The details of how such a cross-reference might be engineered, so that
it can be stored, passed from client to client, and in the end be
recognizable by the server, are an interesting design challenge. Several
projects have run up against the challenge, and have suggested various
strategies that solve parts of the problem. At least six somewhat
different ideas are extant:

•	Tim Berners-Lee has proposed the cross-reference scheme used in his
World-Wide Web. This proposal is moderately complete, but it
concentrates mostly on developing a syntax that can be parsed by a
computer and also read by a person. It takes the view that it should
be possible to create a document identifier that is both unique and
perpetually valid.

•	Clifford Lynch, to stimulate discussion of the topic within the
Coalition for Networked Information developed a list of requirements,
and for each some observations about mechanics that might address that
requirement.

•	Brewster Kahle has proposed the cross-reference scheme used in his
Wide-Area Information Service.

•	F. H. Ayers has made a proposal for a universal standard book number.

•	Theodor Nelson, for the Xanadu® hypertext system, proposed a
universal, hierarchical document numbering scheme with provision for
versions and internal anchor points.
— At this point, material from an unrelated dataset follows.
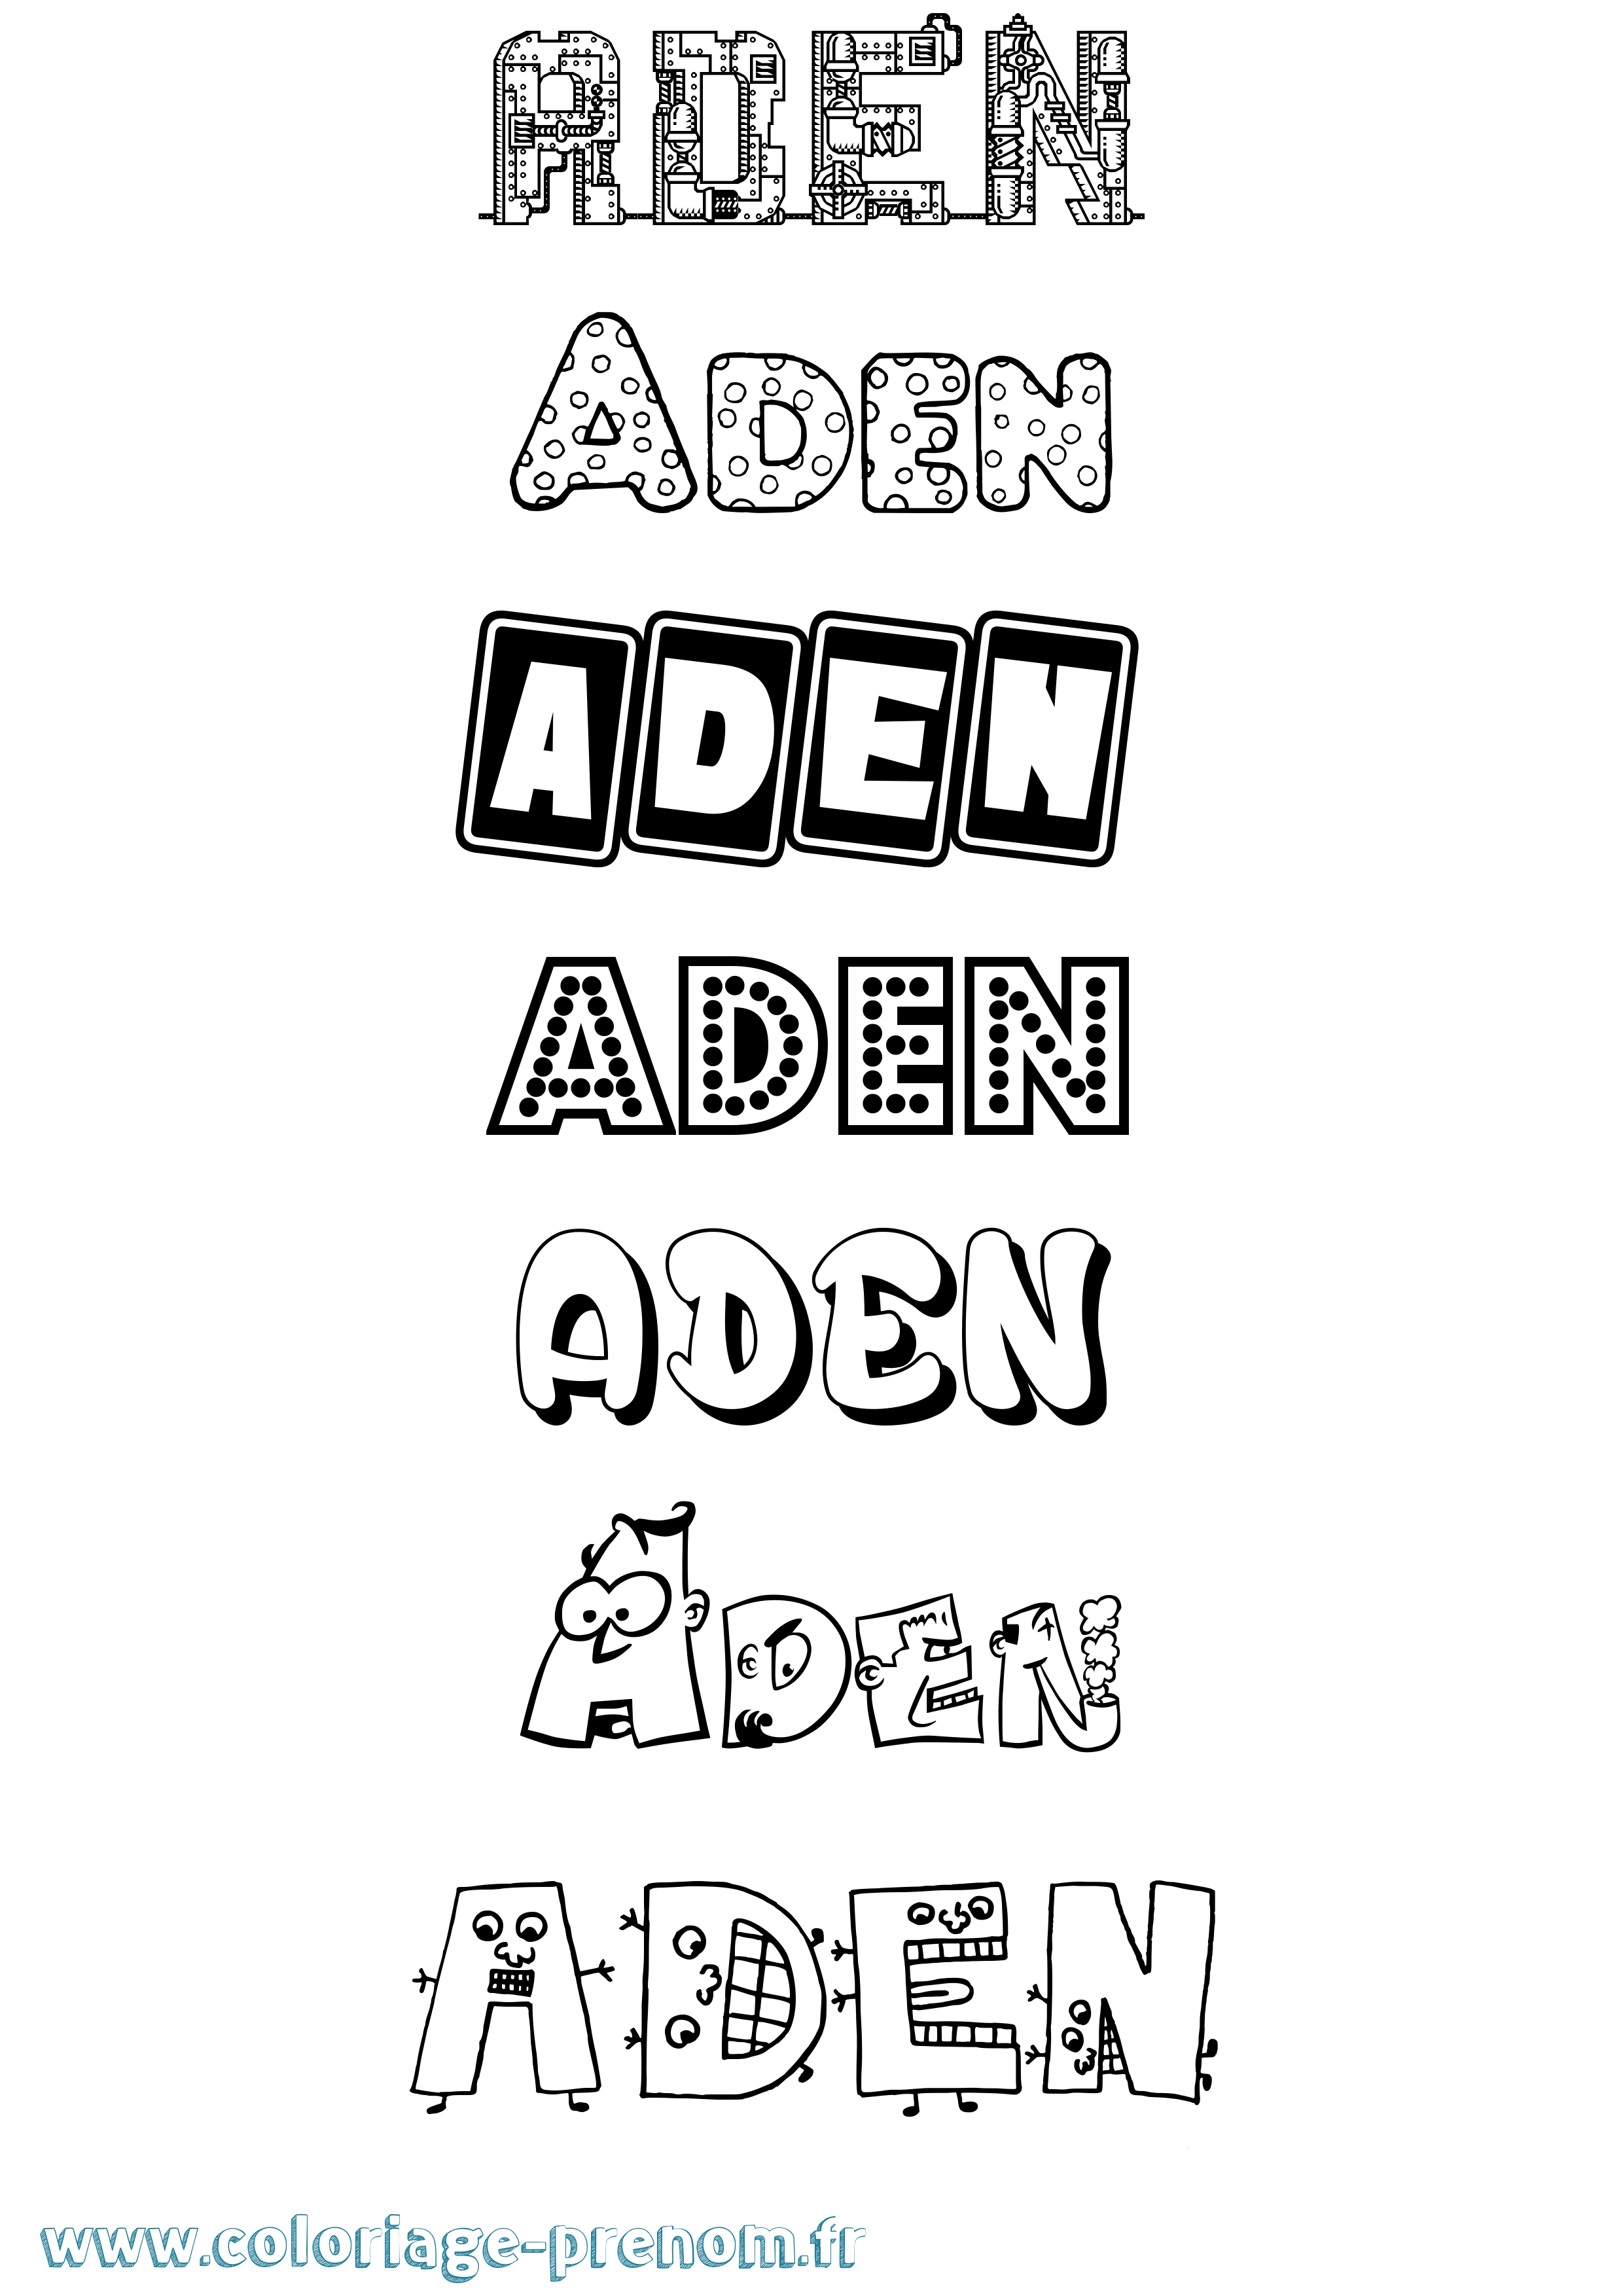 Coloriage prénom Aden

It covers several of the
requirements mentioned earlier by assuming complete homogeneity among
the linked items.

•	Apple Computer, in the System 7 Alias Manager for the Macintosh, has
worked out a sophisticated system for linking files within a Macintosh
and across a network of cooperating machines. The Alias Manager uses
a combination of symbolic relative and absolute path names as well as
unique file, volume, and system identifiers, to maintain links in the
face of renaming, hierarchy restructuring, and restoration from
backup.

Each proposal addresses one or more parts of the problem, but none
covers the entire range of requirements. More important, the discussions
by Lynch and by Kahle are characterized by mentions of requirements not
met, and possible alternative approaches, together with questions about
whether or not the requirements are real. Interestingly, almost as if to
recursively emphasize the need for a solution to this problem, most of
the current literature on the subject is not found in traditional
journals, reports, or libraries, but rather is found only on-line in
various repositories within the internet.



Conclusion

As mentioned at the outset, this note has only described the problem,
not proposed any solutions; even this description is not likely to
resemble the one that will someday seem obvious.



Acknowledgements

Ideas and suggestions came from discussions with Mitchell Charity,
Jim O’Toole, Mark Day, Tim Berners-Lee, Andrew Birrell, Dave Redell, Paul
McJones, and Ron Weiss.



Bibliography

Tim Berners-Lee, Jean-Francois Groff, and Robert Cailliau. “Universal
Document Identifiers on the Network.” CERN, February 1992. On-line
location: info.cern.ch:/pub/www/doc/udi1.ps

Clifford Lynch. “Workshop on ID and Reference Structures for
Networked Information.” 24 October 1991. (Call for participation. On-
line location: CNI-ARCH listserv mailing list at uccvma.bitnet. Also
found in WAIS-discussion digest #33, 27 November, 1991.)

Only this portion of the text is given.